I don't think any of those are necessarily good solutions, but they are there.
What sort of things are you referring to when you say "Apple-isms"? Not that I doubt your claim -- I just don't do much UI development so I don't have a good reference for what things might be 'platform specific' in that way.
Yes there’s nothing all in one yet. But these are promising directions. Tokamak isn’t abandoned, members are involved in core Swift changes that it depends on and have made progress recently with embedded Swift.

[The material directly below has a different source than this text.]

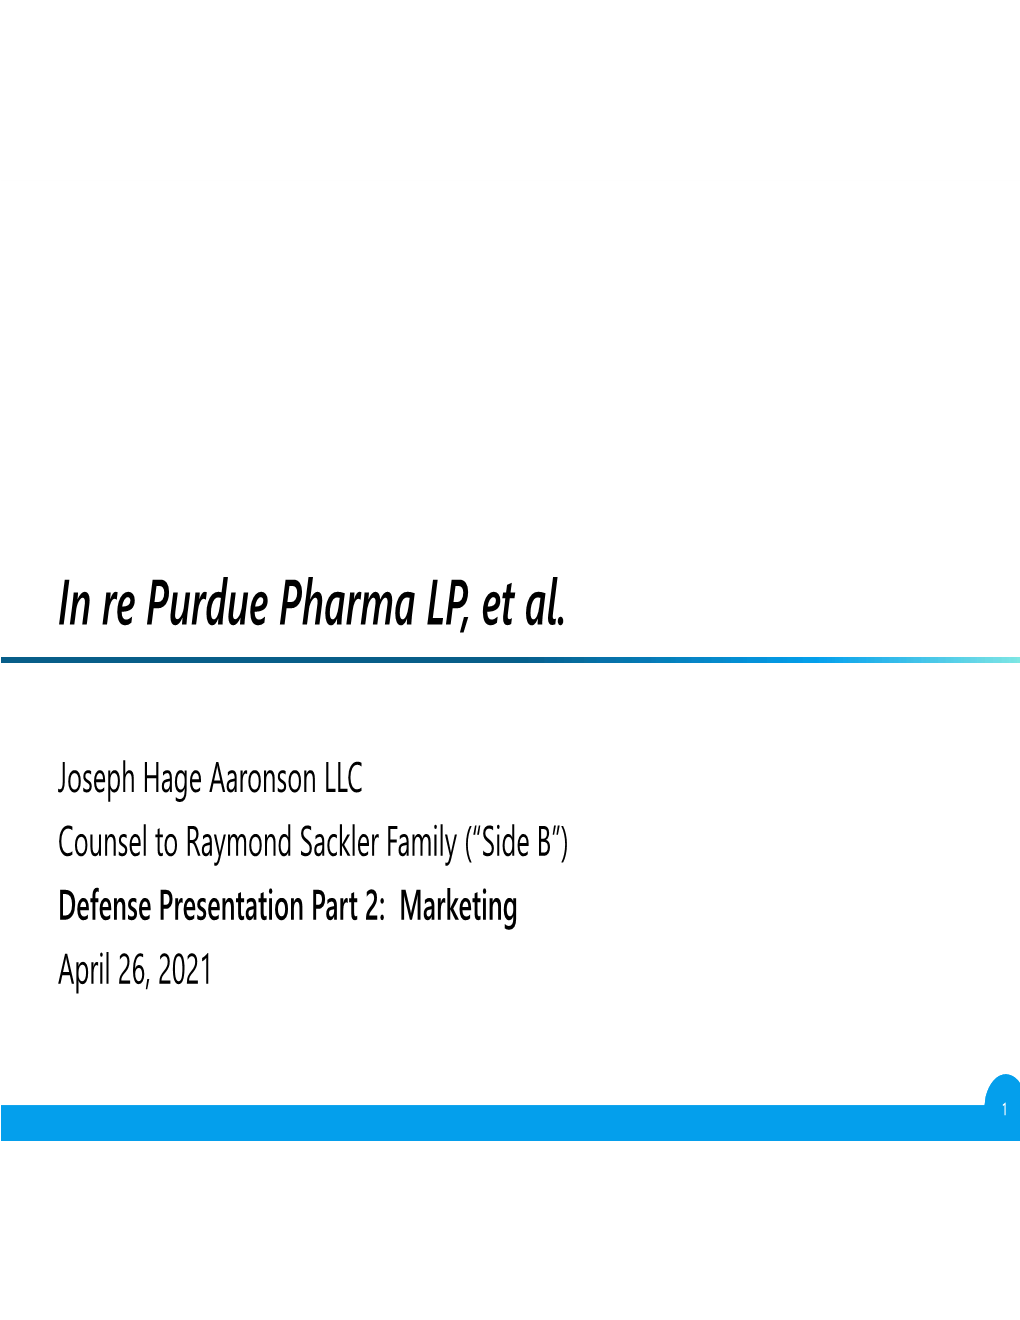 In Re Purdue Pharma LP, Et Al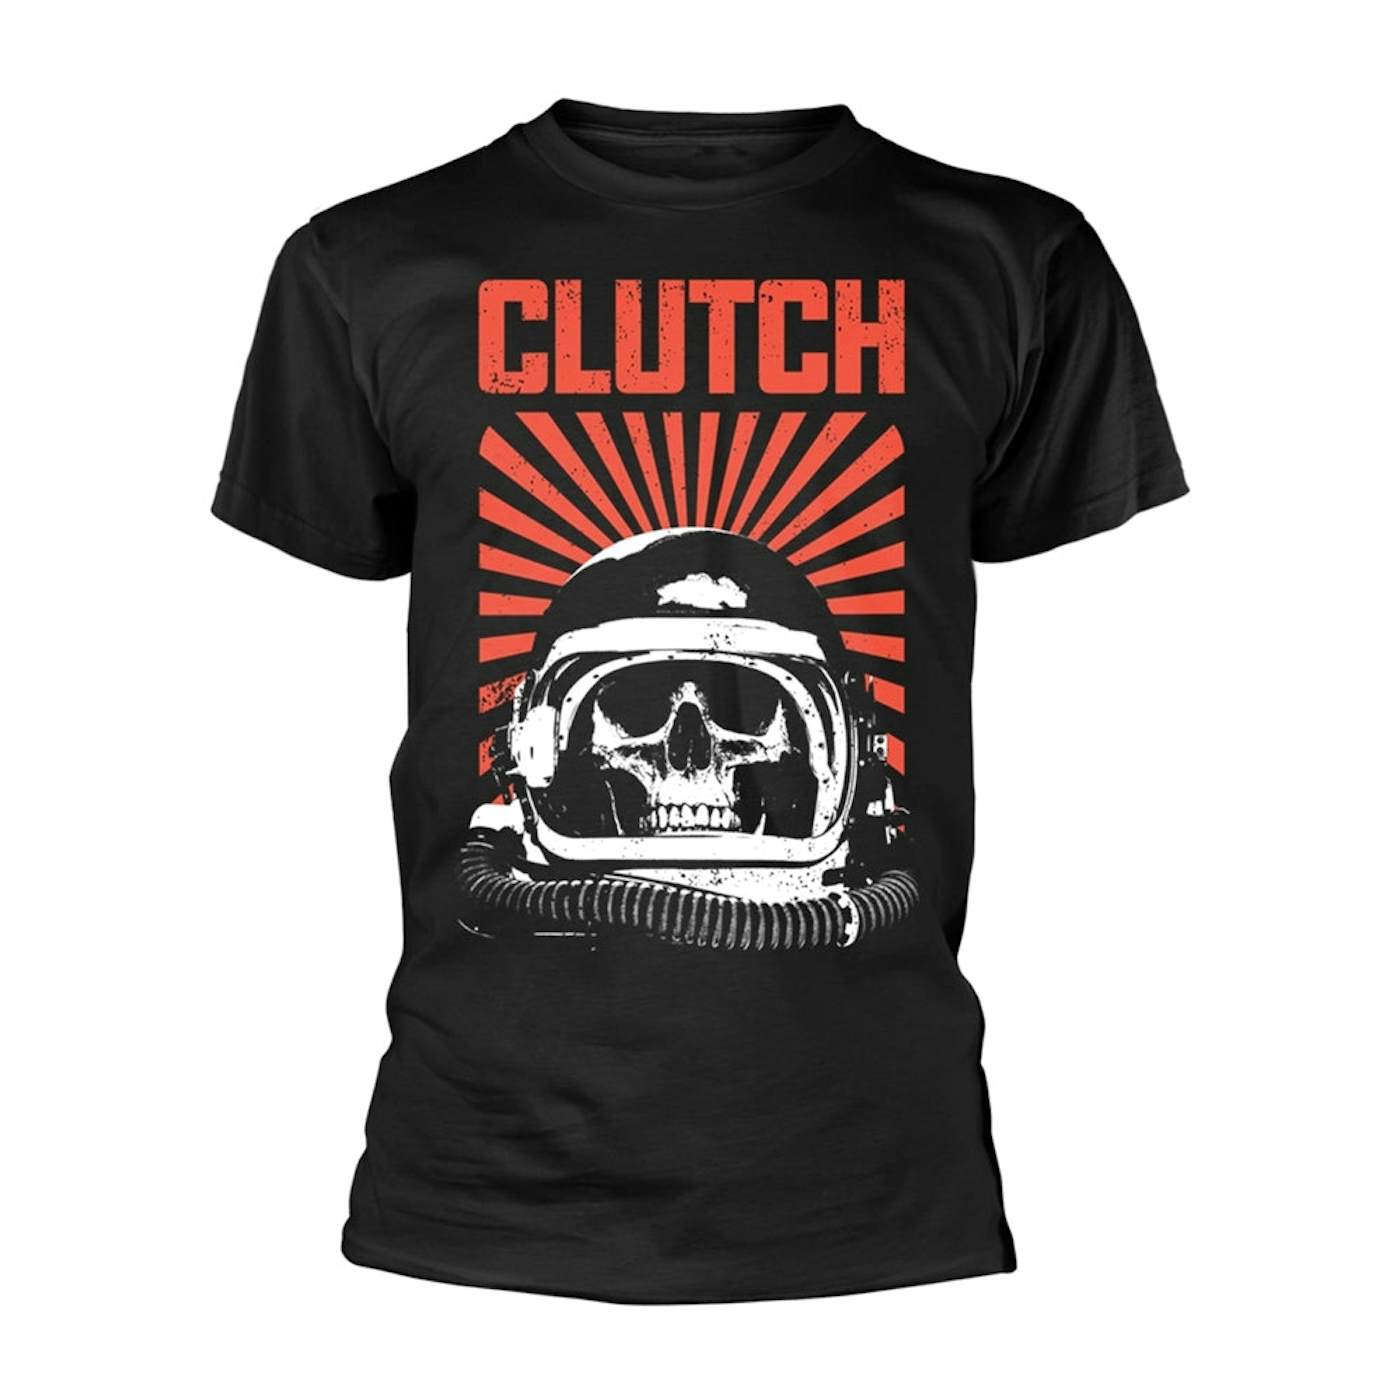 Clutch T Shirt - Go Forth Ad Infinitum Xxii Tour

As with other languages, you’d need bindings to another UI framework. In that sense, I wish SwiftUI had a different name because it seems intrinsic to Swift when it’s really no different than UIKit.
There’s stuff like SwiftCrossUI that does multiple backend bindings
Like Flutter, this paints everything itself. It doesn’t need to bind to a UI framework directly. Instead, it needs the platform to provide primitives like a surface to draw into and input events.
Trusting the government as a peer makes sense for government sites, but for anything else, it just makes censorship way too easy.
Even among businesses, we normally trust the middleman (the credit card issuer, and their protections and chargebacks) over the government. If a business screws over a regular consumer, the government isn't really going to do anything.
Maybe you have a more civilized society and functional government where you live. We don't.